In Denver recently, Students for a Free Tibet, with 600
chapters nationwide, launched a campaign under the banner “No
Olympics for China until Tibet is Free.” College and high school
students sent hundreds of letters to IOC leaders: “Say No to
Beijing 2008.” And Tibetan immigrants across the United States are
mailing white silk “khata” prayer scarves as reminders that China
punishes Tibetans who challenge Chinese rule, said campaign leader
Tenzing Jigme, 32, a Tibetan student at the University of Colorado
in Denver.
“America has so many economic ties to China, people don’t
want to mess around,” Jigme said. “But the Olympics is one area
where you can maybe send a warning.”
“We want to vote’
In Beijing, news that anybody opposes Beijing’s bid brought
scowls from residents who overwhelmingly support hosting the
Olympics. Even some democracy advocates contend the Games would
promote positive change.
“There’s room to improve the system,” said Liu Dageng, 33, at
a restaurant with his wife, who was at Tiananmen Square shortly
before China’s 1989 massacre of pro-democracy demonstrators.
“We want to vote, of course.”
But denying the Olympics to try to force change misconstrues
the Games “as a kind of gift,” Liu said. That “hurts the
Olympics,” he said. “Keep it simple. This is against the Olympic
spirit.”
IOC officials have conducted the Games in politically
controversial places before – the Soviet Union in 1980, South
Korea in ’88 when Korea technically was at war and the government
clashed regularly with labor demonstrators, and Spain in ’92 when
sometimes-violent Basque separatists were active. Some Olympics
leaders say the Games can boost human rights in host countries.

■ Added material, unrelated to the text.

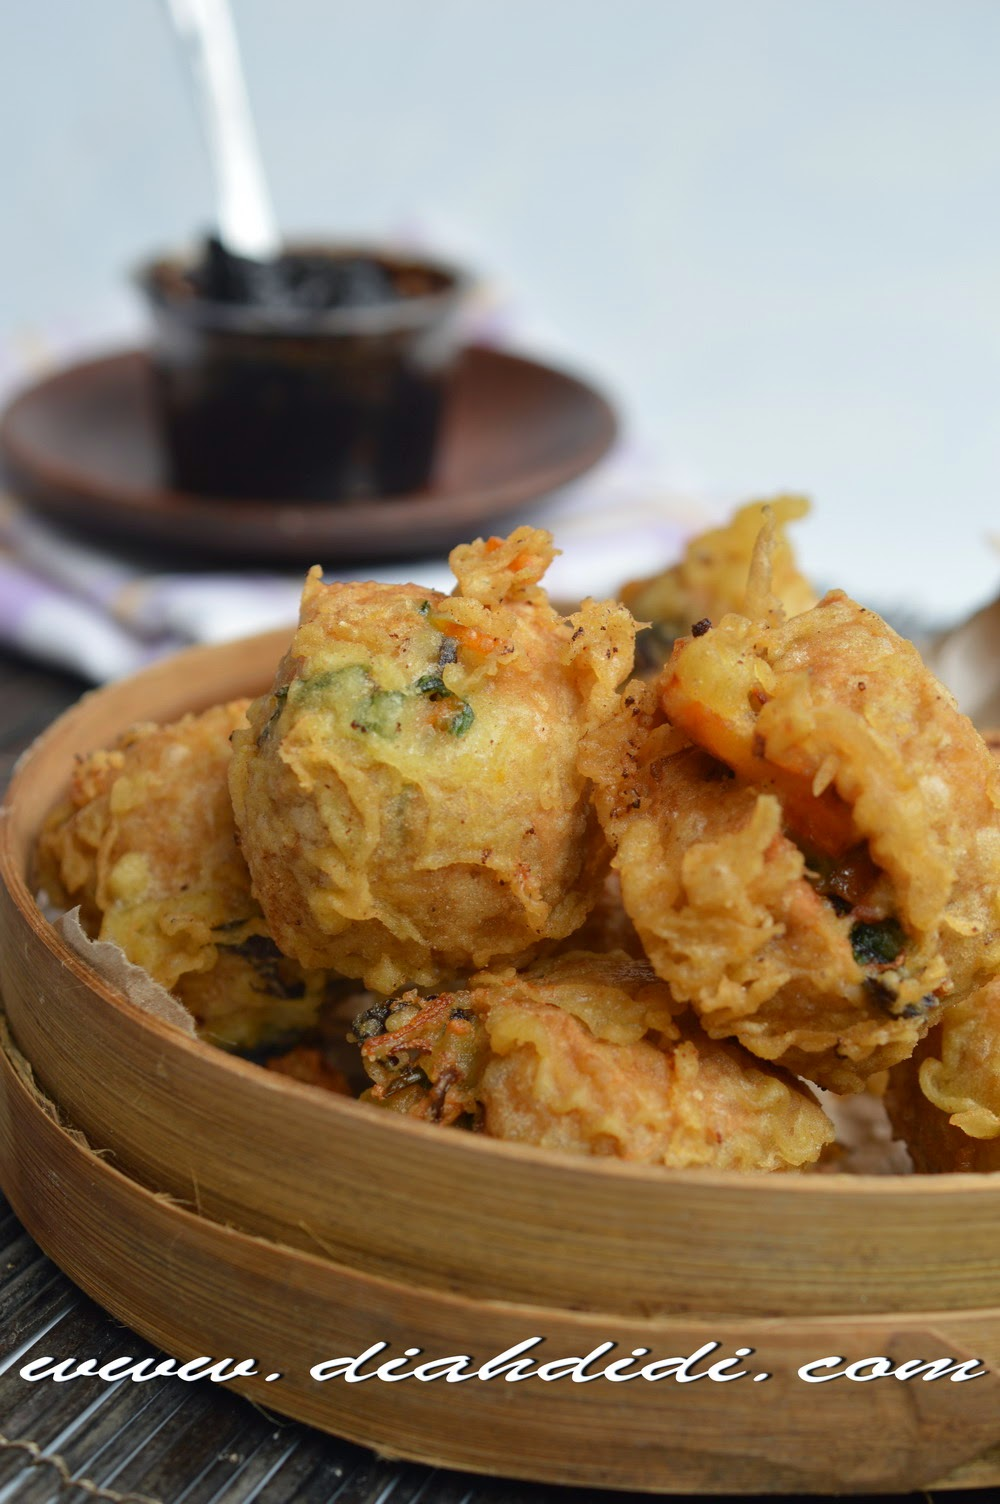 Resep Tahu Isi Mercon : resep, mercon, Didi's, Kitchen:, Mercon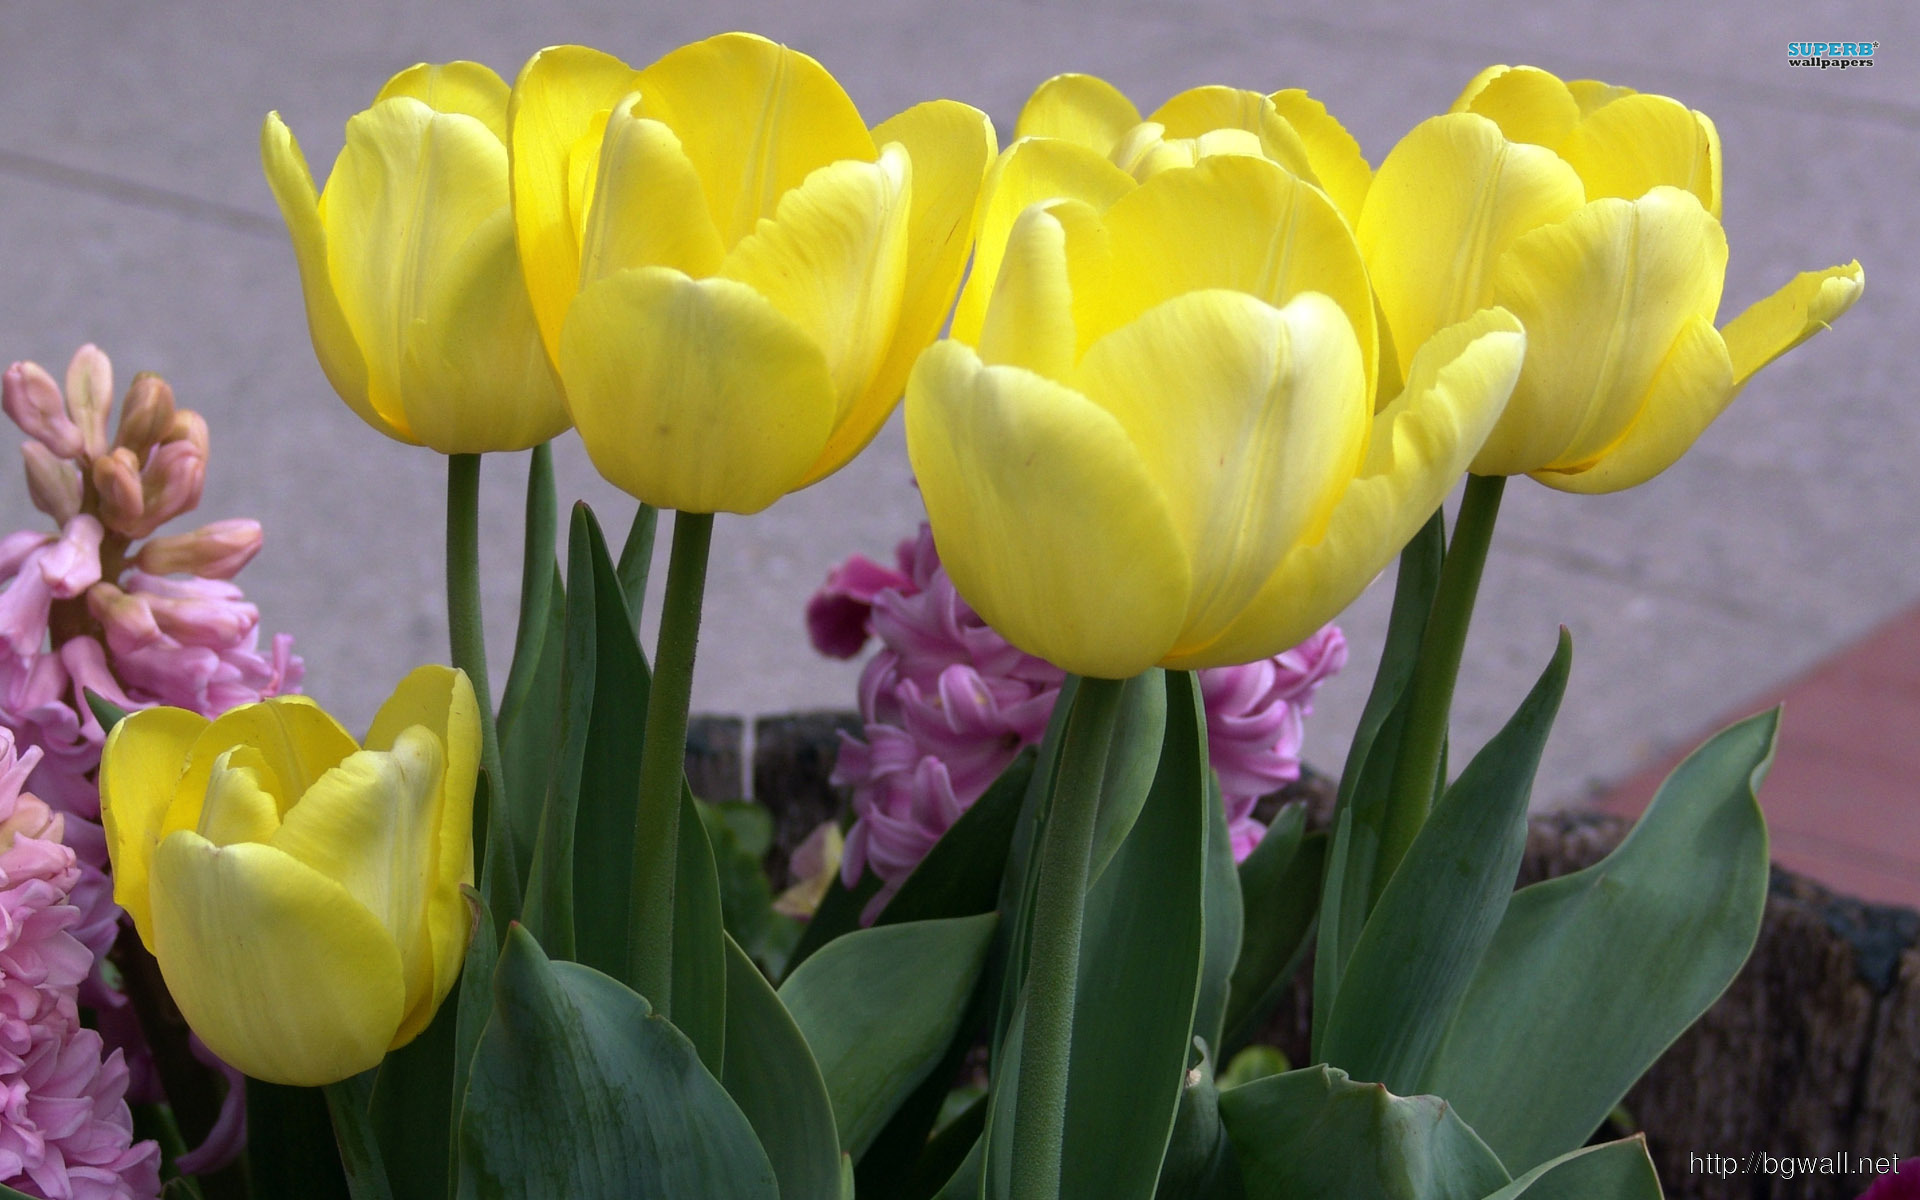 3d Yamaha Wallpaper Yellow Tulips Wallpaper Background Wallpaper Hd

The blotch on that argument is Berlin, in 1936, where the
Olympics gave Hitler a platform shortly before he led the
Holocaust killing of 6 million European Jews.
Now in Beijing, residents eager to impress the world are
trying to help China’s Olympics campaign. They can’t do much about
their government’s approach to human rights and military buildup
with missiles aimed at Taiwan – which many support. But growing
numbers participate in the “Action Plan for a Green Olympics.”
A new Olympics-driven activism is emerging in some areas,
with restaurant operators considering whether to ban smoking.
University students recently debated forest-friendly alternatives
to China’s reliance on wood for hundreds of millions of chopsticks.
In the Chen Shou Yuan neighborhood southwest of Tiananmen
Square, residents planted trees, grass and flowers for an Olympics
Park amid their apartment towers.
Friends played pingpong in the park one recent evening, and
factory janitor Song Yue Ze, 49, laughed about the U.S.-China spy
plane standoff, pounding his fists together. Then he played tour
guide, pointing out how pleasant Beijing neighborhoods can be. “I
want your vote,” Song said.
And Liu Hung Ngor, apartment manager, earnestly taped up a
handwritten sign at the base of a stairwell. The sign urged
residents to go to the apartment office and pick up a new gas
nozzle, free, to attach to their stoves and limit pollution.
“It will be much cleaner,” Liu said. “We want Beijing to be
able to host the Olympics. And by hosting the Olympics, we can
tell the world what we are like. We are proud of our heritage.”